Background information
- Origin: Larne, Northern Ireland
- Genres: Alternative metal; noise rock; alternative rock;
- Works: Discography; songs;
- Years active: 1989–present
- Labels: Wiiija; A&M; Ark 21; Spitfire; Blast; Amazing; Marshall;
- Members: Andy Cairns; Michael McKeegan; Neil Cooper;
- Past members: Fyfe Ewing; Martin McCarrick; Graham Hopkins;
- Website: therapyquestionmark.co.uk

= Therapy? =

Northern Irish rock band

Therapy? are a Northern Irish rock band from Larne, formed in 1989 by guitarist-vocalist Andy Cairns and drummer-vocalist Fyfe Ewing. Therapy? recorded their first demo with Cairns filling in on bass guitar. To complete the lineup, the band recruited Larne bassist Michael McKeegan. The band signed with major label A&M Records in 1992, for which they released four albums, most notably Troublegum in 1994 and Infernal Love in 1995. Ewing's departure in early 1996 preceded the arrivals of his replacement Graham Hopkins, as well as Martin McCarrick on guitar and cello. Neil Cooper replaced Hopkins in 2002. McCarrick departed in 2004, and the band have remained a three-piece ever since.

Therapy? are currently signed to UK independent label Marshall Records. The band have released 14 studio albums and sold over two million albums worldwide.

==History==
===Early years (1989–1992)===
While attending a charity gig at the Jordanstown Polytechnic in 1988, Andy Cairns noticed Fyfe Ewing playing drums in a punk covers band. The two spoke afterwards and agreed to meet for rehearsal in Fyfe's house in Larne with Andy playing a small practice amp and Fyfe playing his kit with brushes. In April 1989 they recorded a four track demo tape (Thirty Seconds of Silence) with Andy playing a bass guitar borrowed from Fyfe's classmate Michael McKeegan. Deciding to play live, they recruited McKeegan and played their debut gig at the Belfast Art College supporting Decadence Within on 20 August 1989. They followed this up with another four track demo tape (Meat Abstract). Their sound was becoming highly influenced by artists of the indie rock movement such as The Jesus Lizard, Big Black, and The Membranes as well as new beat disco acts such as Belgian outfit Erotic Dissidents.

Therapy? released its first single, called Meat Abstract in July 1990. The single was limited to 1,000 copies and released on the band's own Multifuckinational Records. During the summer of that year, the band made its first tour through the United Kingdom with The Beyond, catching the attention of influential DJ John Peel along the way. The band's early years followed the familiar pattern of hard graft on the local alternative music scene, with Cairns often putting in a full day at the Michelin tyre factory (where he worked as a quality controller), then speeding across Northern Ireland in order to make it to gigs. The band also took whatever support slot they could, opening for the likes of Loop, Ride, Teenage Fanclub, Inspiral Carpets, Tad, Fugazi and Ned's Atomic Dustbin. Therapy? quickly came to the attention of local music fans with their distinctively uncompromising style. Their use of guitar feedback as a "fourth instrument" and unconventional song structures, combined with a darkly original approach to lyrics and imaginative use of samples pulled from cult movies and obscure documentaries, led them to be spotted in 1990 by London-based independent label Wiiija Records. The move was helped by Lesley Rankine of Silverfish, who passed the band's first single on to Gary Walker of Wiiija.
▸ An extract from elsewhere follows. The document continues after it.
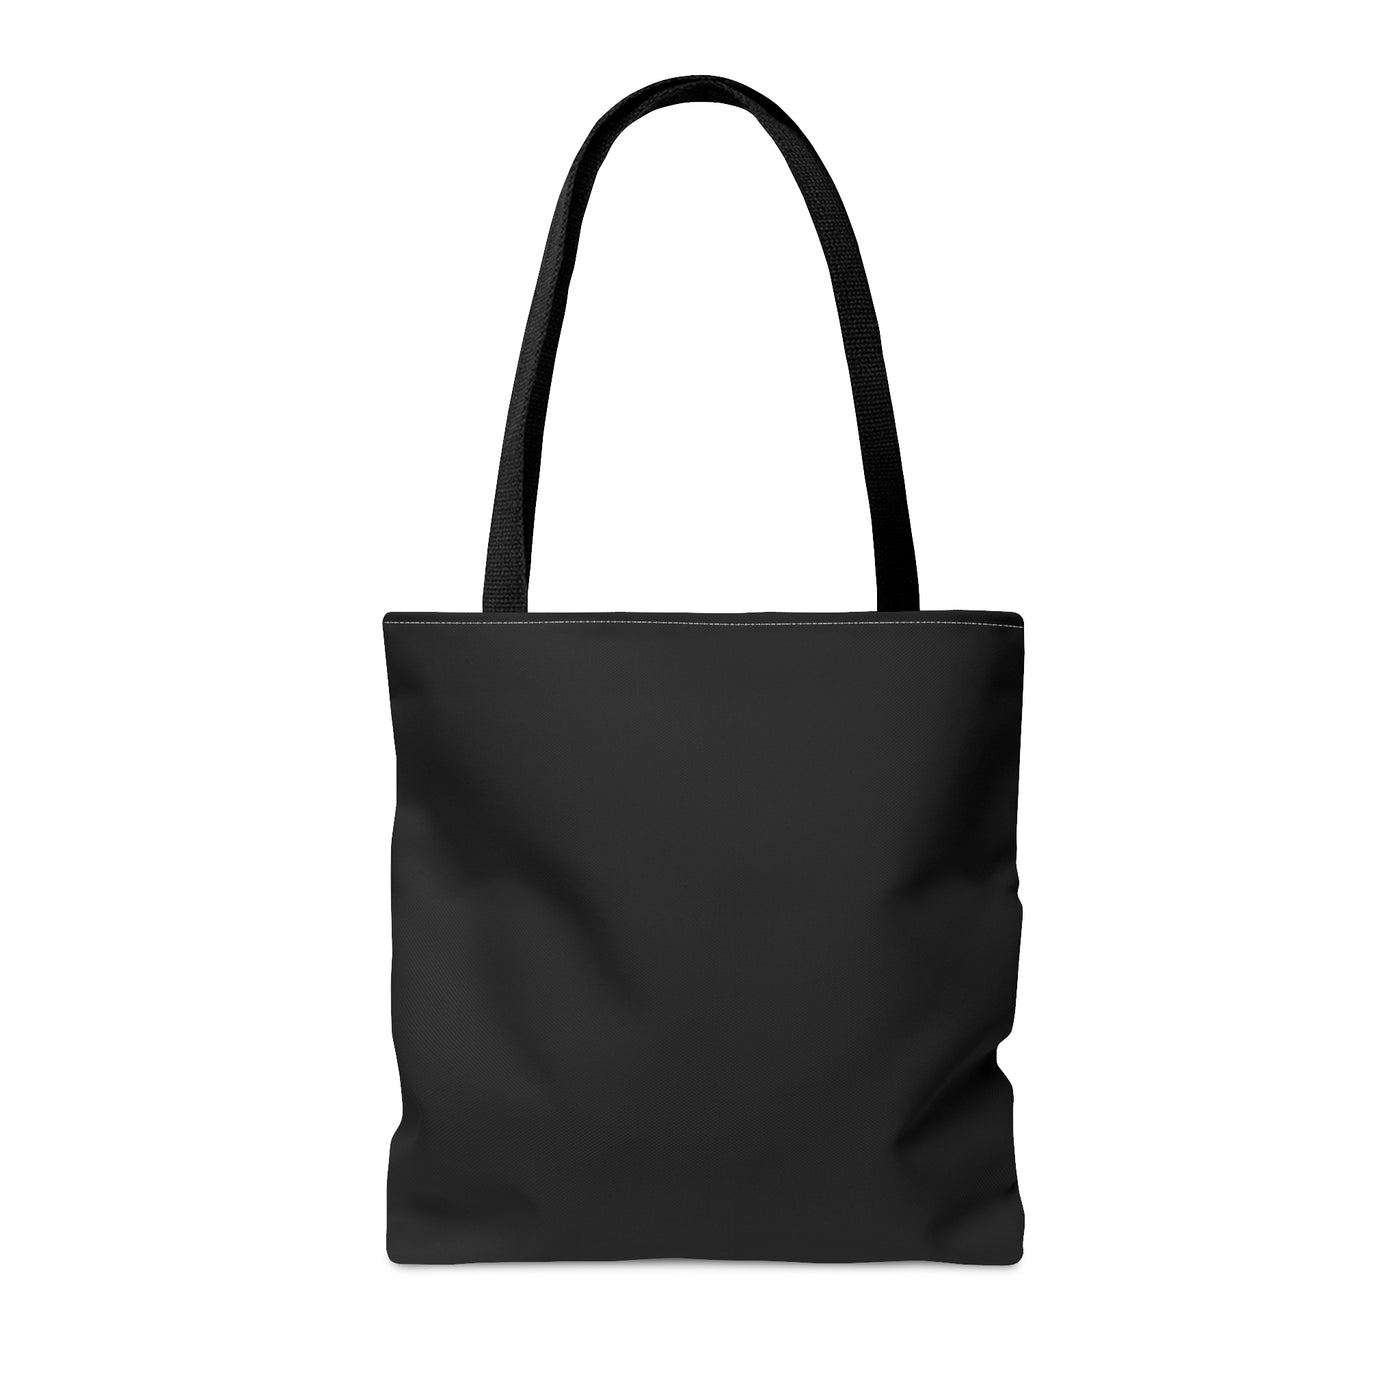 Shopping Tote Bag | Reusable Grocery Bags | Let's Travel

The band's first album, July 1991's Babyteeth, and its January 1992 follow-up, Pleasure Death, were successful enough to earn the band a major label deal with A&M Records. Both albums were underground successes, hitting number 1 in the UK Indie Charts. The attention led to support slots with both Babes in Toyland and Hole on their respective UK tours. A compilation of the two albums titled Caucasian Psychosis was prepared for the North American market, and the band embarked on their first U.S. tour in October 1992.

Their debut A&M record, Nurse, made its way into UK's Top 40 Album Chart in November 1992, while lead single "Teethgrinder" became the band's first Top 40 single in both the UK and Ireland. The grunge revolution was in full swing, with US outfit Nirvana leading the way. Predictably, the media began to draw comparisons between the two bands. The heavy guitars and inventive drumming that was swiftly becoming Therapy?'s trademark led them more towards the grunge camp than away from it.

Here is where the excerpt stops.